- **WHAT NEEDS TO BE DONE**
Output, exactly as written, the lines below from the one that has "Atlantic City Boardwalk, Atlantic" through the one that has "Oneida Flight Dinner Forks, Set of 6"; nothing else, and no pictures.

- **DATA SHOWN**
- - -

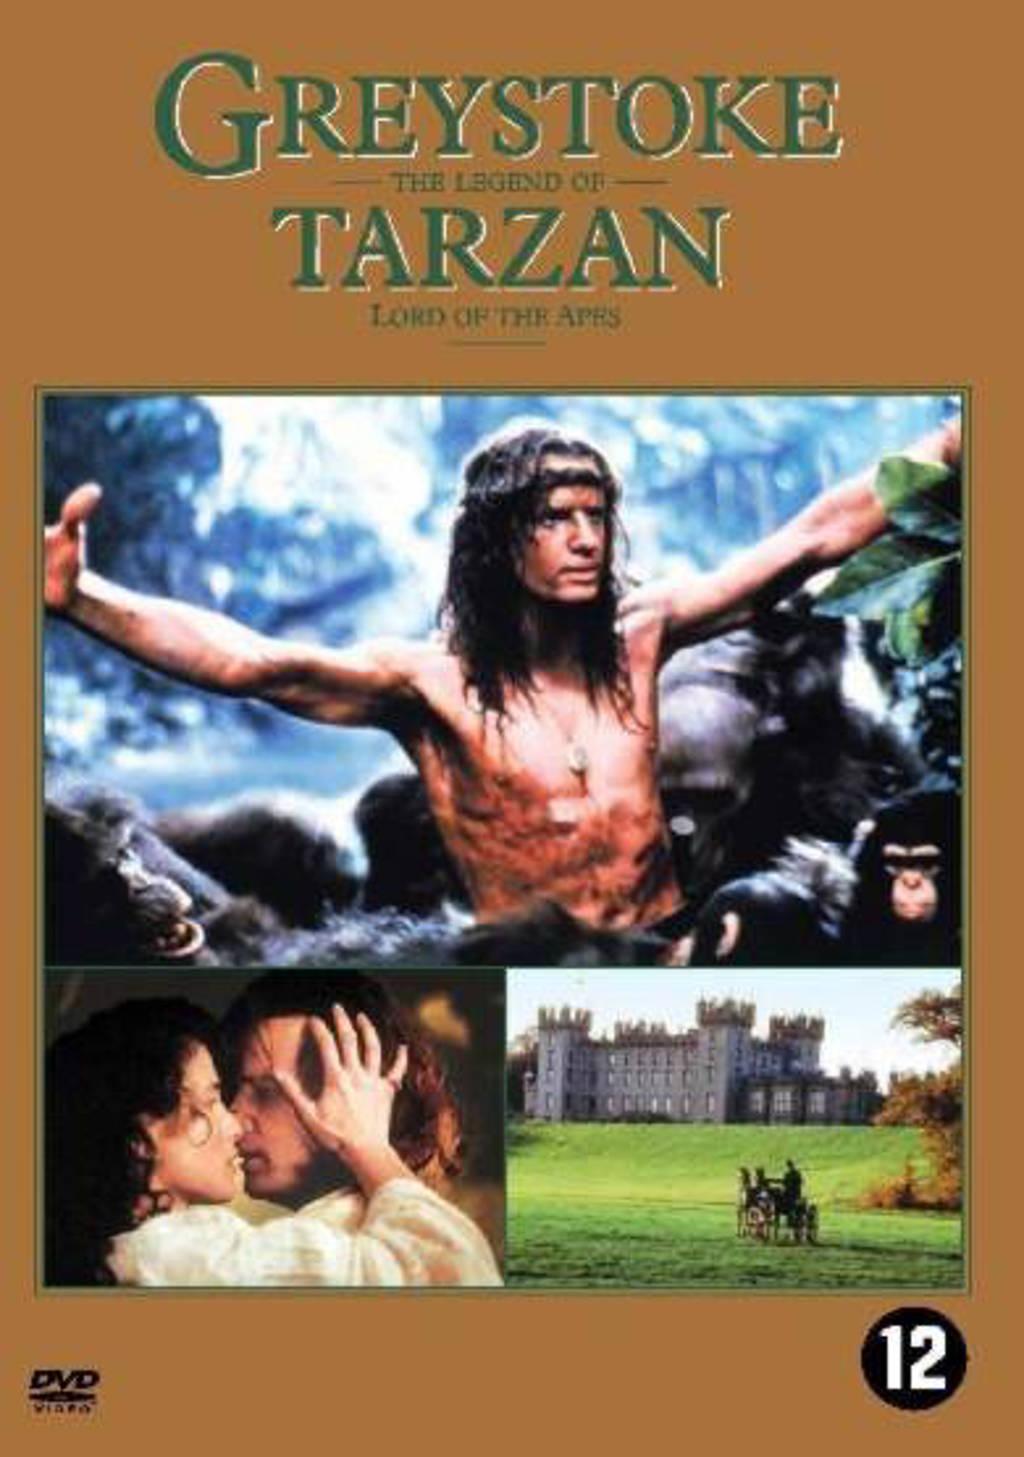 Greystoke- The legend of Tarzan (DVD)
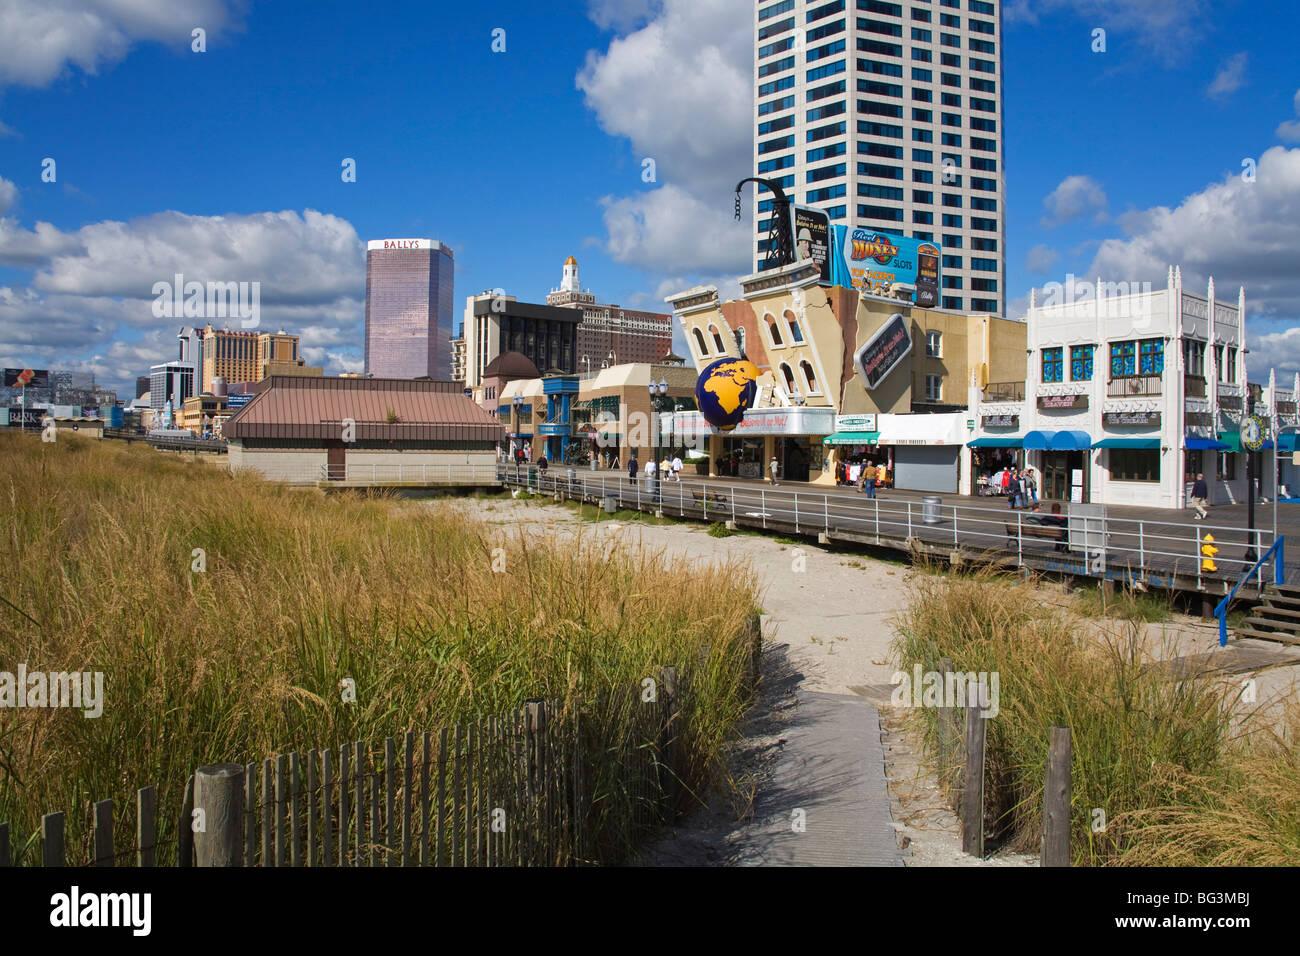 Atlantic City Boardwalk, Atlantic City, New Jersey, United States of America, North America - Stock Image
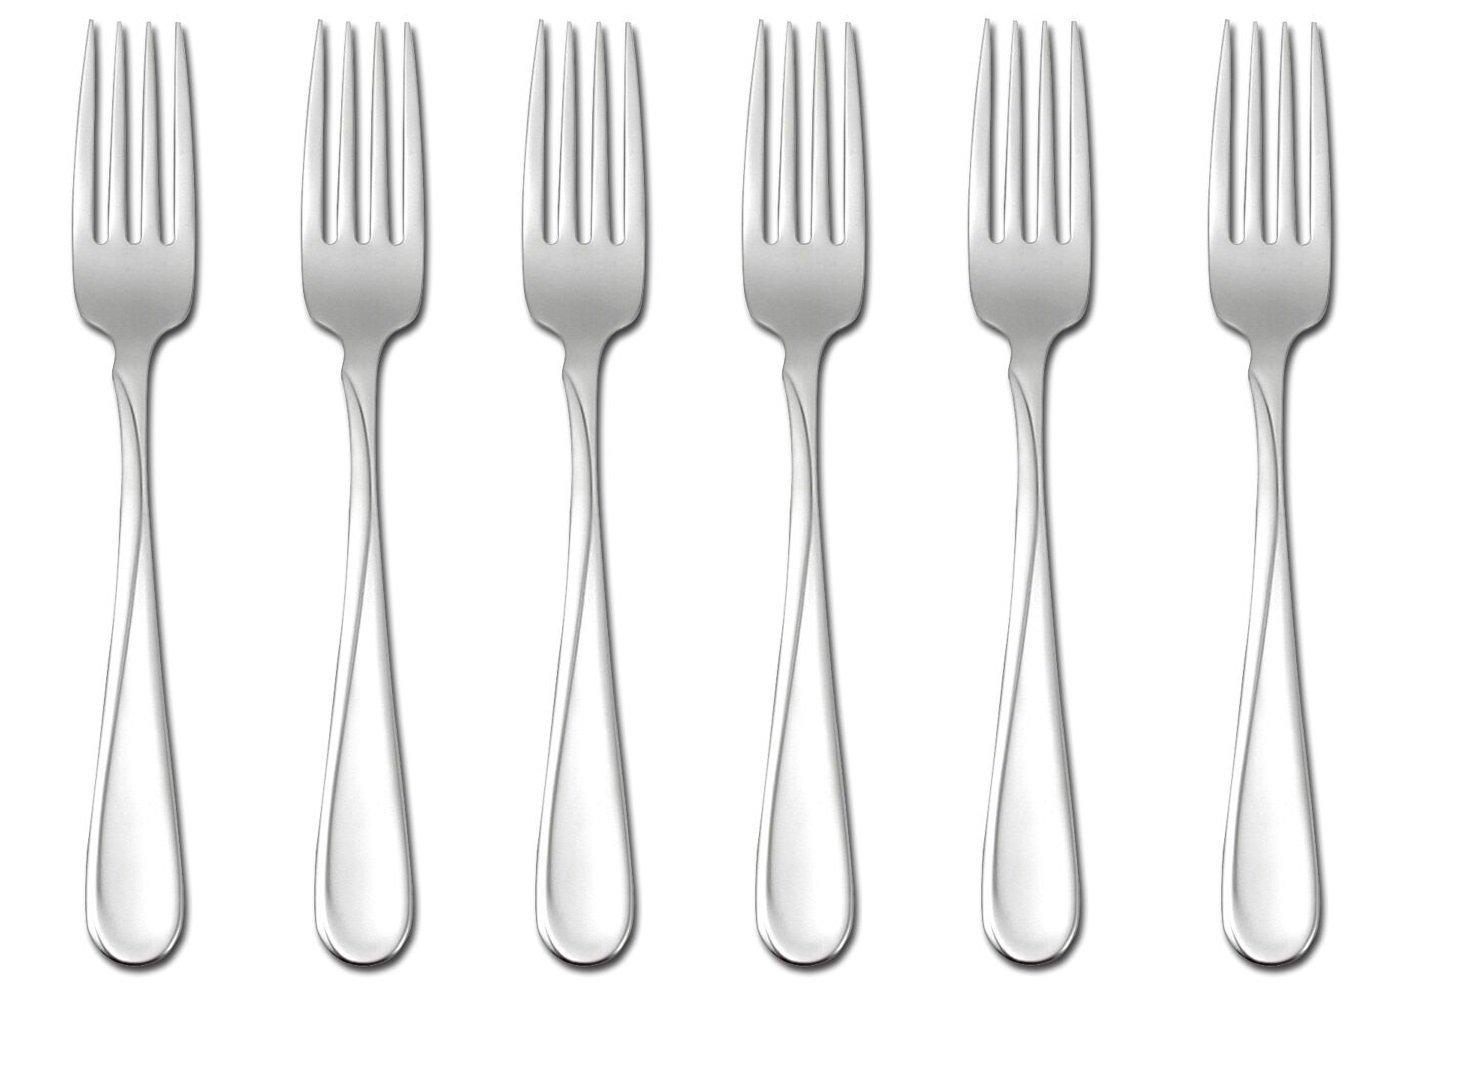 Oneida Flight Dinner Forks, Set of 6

- - -

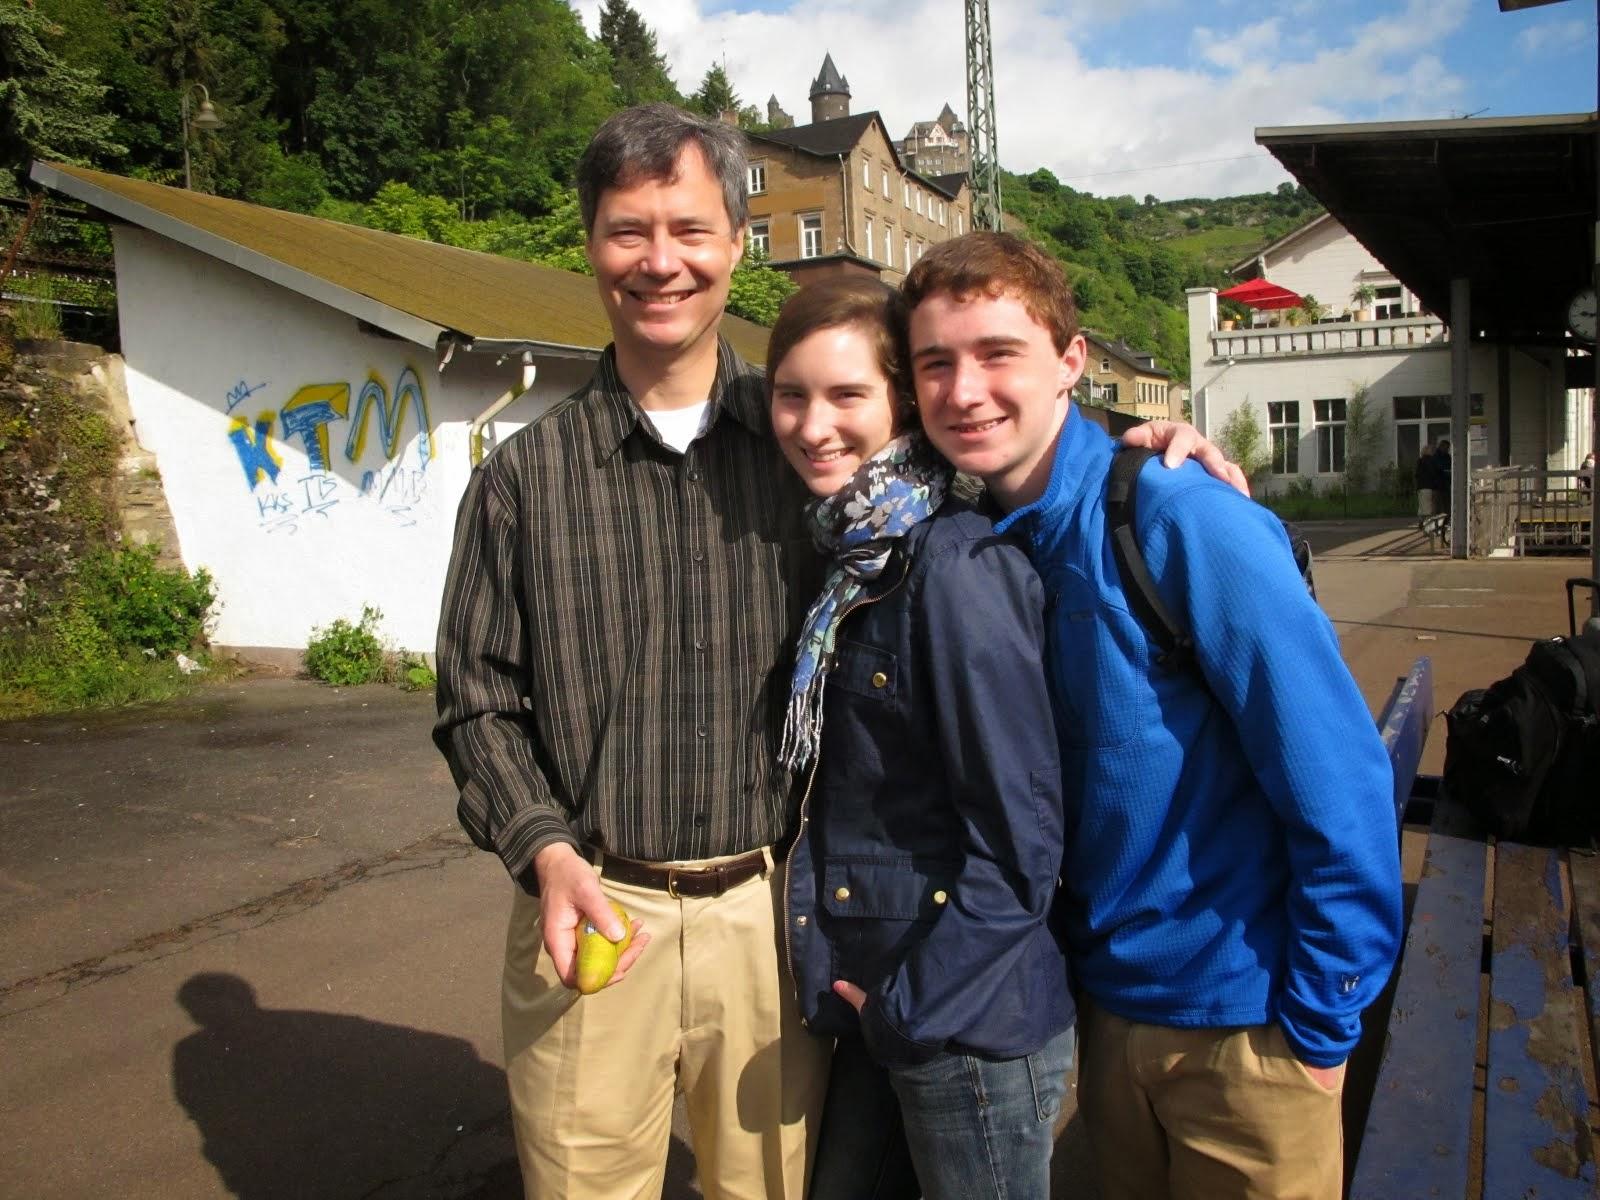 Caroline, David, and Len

- - -

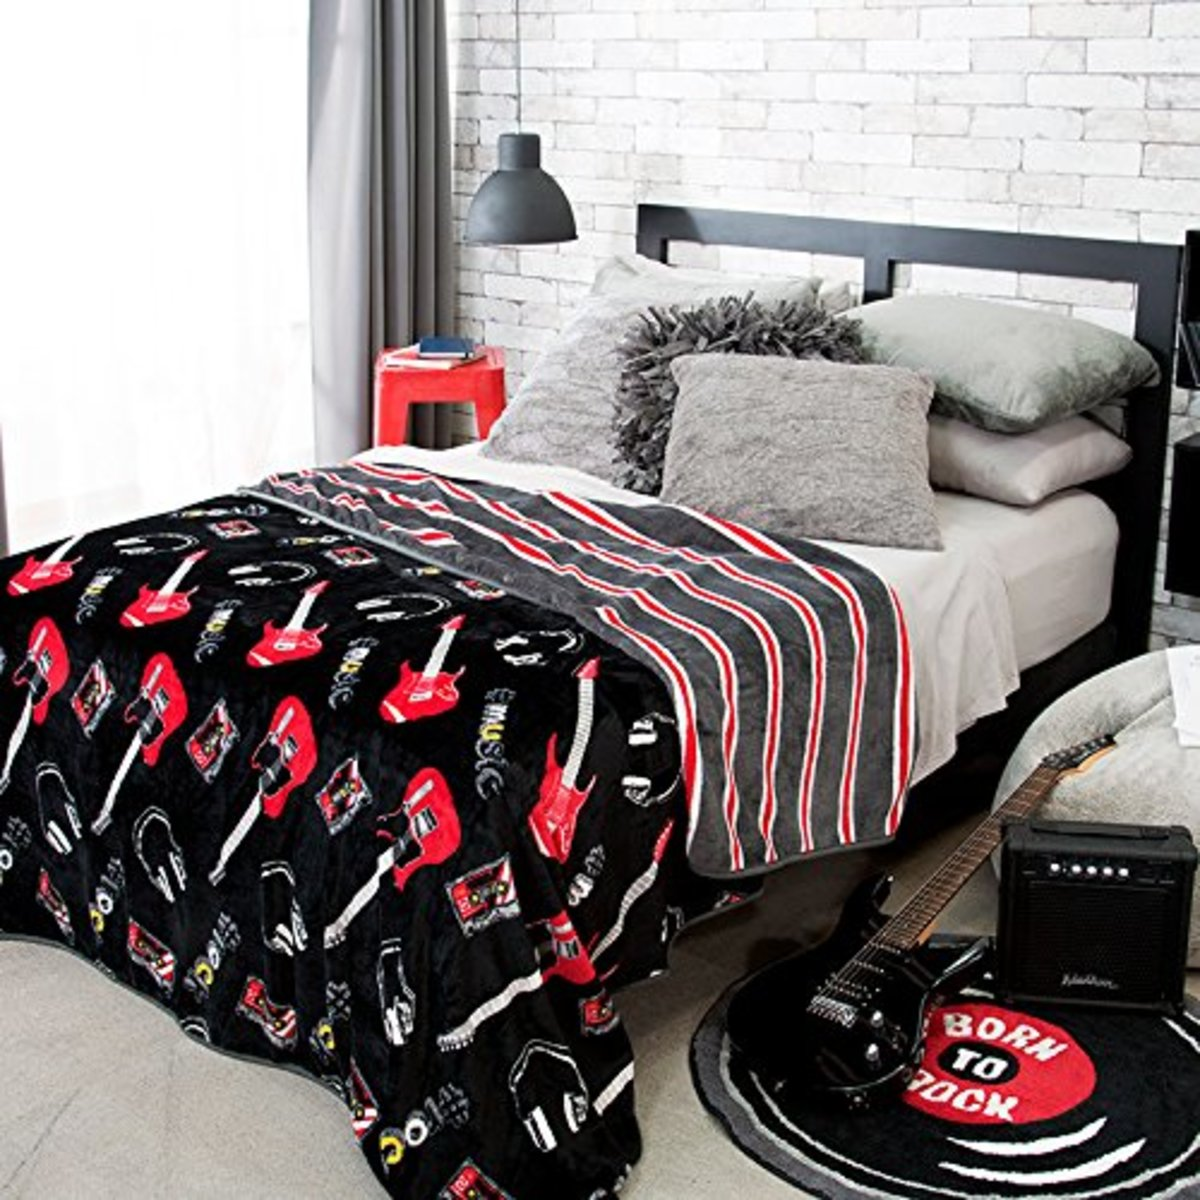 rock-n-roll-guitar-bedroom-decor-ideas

- - -

- **ANSWER SECTION**
 Atlantic City Boardwalk, Atlantic City, New Jersey, United States of America, North America - Stock Image
 Oneida Flight Dinner Forks, Set of 6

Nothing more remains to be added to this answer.